*Task goal:* This exercise asks for the entries below to be printed exactly.

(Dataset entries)
[Start of Attachment]
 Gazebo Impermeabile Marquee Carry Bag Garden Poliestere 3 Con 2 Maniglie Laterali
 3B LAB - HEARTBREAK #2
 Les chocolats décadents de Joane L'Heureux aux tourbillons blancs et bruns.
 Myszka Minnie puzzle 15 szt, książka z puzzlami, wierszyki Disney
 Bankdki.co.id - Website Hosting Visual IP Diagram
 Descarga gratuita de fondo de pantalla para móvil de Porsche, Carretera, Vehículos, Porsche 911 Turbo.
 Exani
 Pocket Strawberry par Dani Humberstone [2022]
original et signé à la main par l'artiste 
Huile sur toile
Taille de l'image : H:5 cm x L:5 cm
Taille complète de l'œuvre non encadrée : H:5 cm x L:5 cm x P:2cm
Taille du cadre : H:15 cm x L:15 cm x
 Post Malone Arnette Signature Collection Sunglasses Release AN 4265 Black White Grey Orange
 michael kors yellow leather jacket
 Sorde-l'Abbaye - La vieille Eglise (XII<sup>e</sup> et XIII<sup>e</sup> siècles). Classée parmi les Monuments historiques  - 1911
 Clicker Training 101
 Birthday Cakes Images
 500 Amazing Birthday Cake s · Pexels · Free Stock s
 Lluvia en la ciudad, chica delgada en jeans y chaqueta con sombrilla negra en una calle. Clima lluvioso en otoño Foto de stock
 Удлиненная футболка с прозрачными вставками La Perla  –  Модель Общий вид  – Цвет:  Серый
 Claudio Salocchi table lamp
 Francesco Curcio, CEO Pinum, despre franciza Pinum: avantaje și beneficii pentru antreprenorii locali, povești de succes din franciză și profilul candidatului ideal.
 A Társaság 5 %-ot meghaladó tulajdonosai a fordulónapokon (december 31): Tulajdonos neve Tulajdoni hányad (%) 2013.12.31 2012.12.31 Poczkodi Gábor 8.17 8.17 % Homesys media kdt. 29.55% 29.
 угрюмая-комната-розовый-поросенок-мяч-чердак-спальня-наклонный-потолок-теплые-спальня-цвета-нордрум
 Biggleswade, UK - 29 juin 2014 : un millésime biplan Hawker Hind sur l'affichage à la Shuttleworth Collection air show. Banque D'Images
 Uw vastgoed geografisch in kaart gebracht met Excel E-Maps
[End of Attachment]
*Answer to this problem:*
 Gazebo Impermeabile Marquee Carry Bag Garden Poliestere 3 Con 2 Maniglie Laterali
 3B LAB - HEARTBREAK #2
 Les chocolats décadents de Joane L'Heureux aux tourbillons blancs et bruns.
 Myszka Minnie puzzle 15 szt, książka z puzzlami, wierszyki Disney
 Bankdki.co.id - Website Hosting Visual IP Diagram
 Descarga gratuita de fondo de pantalla para móvil de Porsche, Carretera, Vehículos, Porsche 911 Turbo.
 Exani
 Pocket Strawberry par Dani Humberstone [2022]
original et signé à la main par l'artiste 
Huile sur toile
Taille de l'image : H:5 cm x L:5 cm
Taille complète de l'œuvre non encadrée : H:5 cm x L:5 cm x P:2cm
Taille du cadre : H:15 cm x L:15 cm x
 Post Malone Arnette Signature Collection Sunglasses Release AN 4265 Black White Grey Orange
 michael kors yellow leather jacket
 Sorde-l'Abbaye - La vieille Eglise (XII<sup>e</sup> et XIII<sup>e</sup> siècles). Classée parmi les Monuments historiques  - 1911
 Clicker Training 101
 Birthday Cakes Images
 500 Amazing Birthday Cake s · Pexels · Free Stock s
 Lluvia en la ciudad, chica delgada en jeans y chaqueta con sombrilla negra en una calle. Clima lluvioso en otoño Foto de stock
 Удлиненная футболка с прозрачными вставками La Perla  –  Модель Общий вид  – Цвет:  Серый
 Claudio Salocchi table lamp
 Francesco Curcio, CEO Pinum, despre franciza Pinum: avantaje și beneficii pentru antreprenorii locali, povești de succes din franciză și profilul candidatului ideal.
 A Társaság 5 %-ot meghaladó tulajdonosai a fordulónapokon (december 31): Tulajdonos neve Tulajdoni hányad (%) 2013.12.31 2012.12.31 Poczkodi Gábor 8.17 8.17 % Homesys media kdt. 29.55% 29.
 угрюмая-комната-розовый-поросенок-мяч-чердак-спальня-наклонный-потолок-теплые-спальня-цвета-нордрум
 Biggleswade, UK - 29 juin 2014 : un millésime biplan Hawker Hind sur l'affichage à la Shuttleworth Collection air show. Banque D'Images
 Uw vastgoed geografisch in kaart gebracht met Excel E-Maps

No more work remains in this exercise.